Enter online digital media for alternatives to DVD. 

 There are so many ways to offer your clients alternatives to optical media including USB's that have custom branding. However, the future is online. Here are only a few services that can help with better experiences than a DVD:


 We all know about YouTube. Some of us think it's for cat videos and annoying talking fruit delivered up to a 4K resolution no less. Well, that is true, but as content creators, it needs another look. It is the second most used search engine in the world and it just happens to be owned by the first, Google. Not only is it completely free to use, it is possible to make money through their monetization models. If privacy is what you need, you can do that too. Embedding video in your website is easy also- just be sure to click "show more" and turn off "show suggested videos" before you copy the embed code. 


 Vimeo is not plagued with cat videos. Instead, it's what the "Pro's" use. Producers love the quality that it has, especially when every frame represents hours upon hours of work. The quality is great, but for me, it doesn't stream video very well, even on the strongest of networks. As a producer and digital media trainer, playback trumps compression. Perhaps their Plus ($59/yr) or Pro ($199/yr) versions offer better results?

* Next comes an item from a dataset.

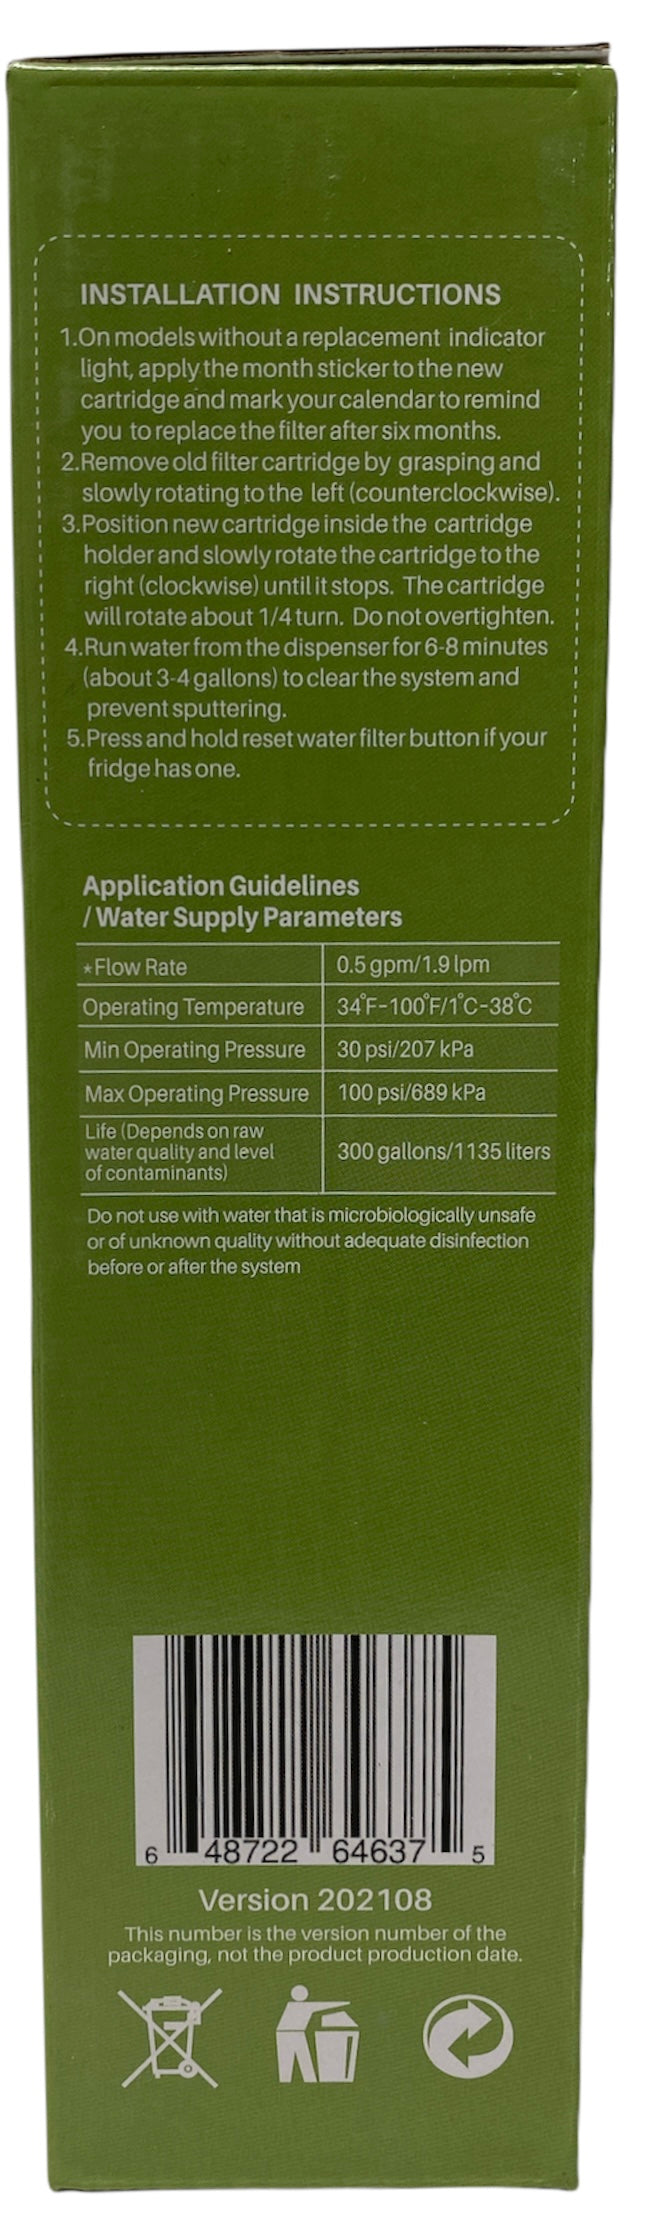 RWF1500A MSWF Refrigerator Water Filter IAPMO Certified Replacement for GE MSWF, 101820A, 101821B, RWF1500A Refrigerator Water Filter

 Frame.IO offers a smooth collaboration platform for client review that allows timecode based note taking, streaming and downloading. They have integrated support for both Premiere and Final Cut Pro X. This is especially great for locations with slow internet speeds since you can turn on downloading abilities of your productions instead of just streaming. Their pricing starts at free and ranges to $150/month depending on your needs. 50 GB with 25 collaborators and unlimited projects at $25 is enough for me. 


 This is the equivalent of a DVD menu, only its online. If you do want a Blu-Ray (because it won't just die already) you can do that too. Benefits include: 

-Easily export projects to DVD, Blu-ray and USB/offline formats

-Digitally Transfer Possession to your clients 

-1 TB Storage Space (approximately 250 hours of HD video @ 10 mbps) 

-Allow Downloading of Your Videos 

-Share Your Media via URL or Embed Code

-Password Protect Media for PrivacyPricing is $49/Month or $495/Year for a little bit of savings.

Cloud Storage

 Google Drive, iCloud, DropBox, We-Transfer and High-Tail are among the top services and the list continues to grow. One thing to note about DropBox however- although it can stream video, it will only stream up to 15 minutes of a finished piece. Whenever you send files across this way, with whatever service you choose, I suggest to zip the files first into one folder so there’s less interference for the user.   


 Brightcove gives the ability to embed video with custom branded players. Playback is great since their servers render out many renditions of your video for many different streaming platforms and bandwidths. Also- if you needed to swap the video, you can while maintaining back links to your video. No need to republish while maintaining security. This is an enterprise class system that is tailored specifically for your needs. 

 It's time to move away from DVD altogether. Your customers think they want it because that's all they knew for the past 20 years and it still resides in most computers. Even film festivals (like withoutabox) are starting to accept digital films online. For anyone concerned with the quality of their videos, only you can stop the DVD Zombie from coming back.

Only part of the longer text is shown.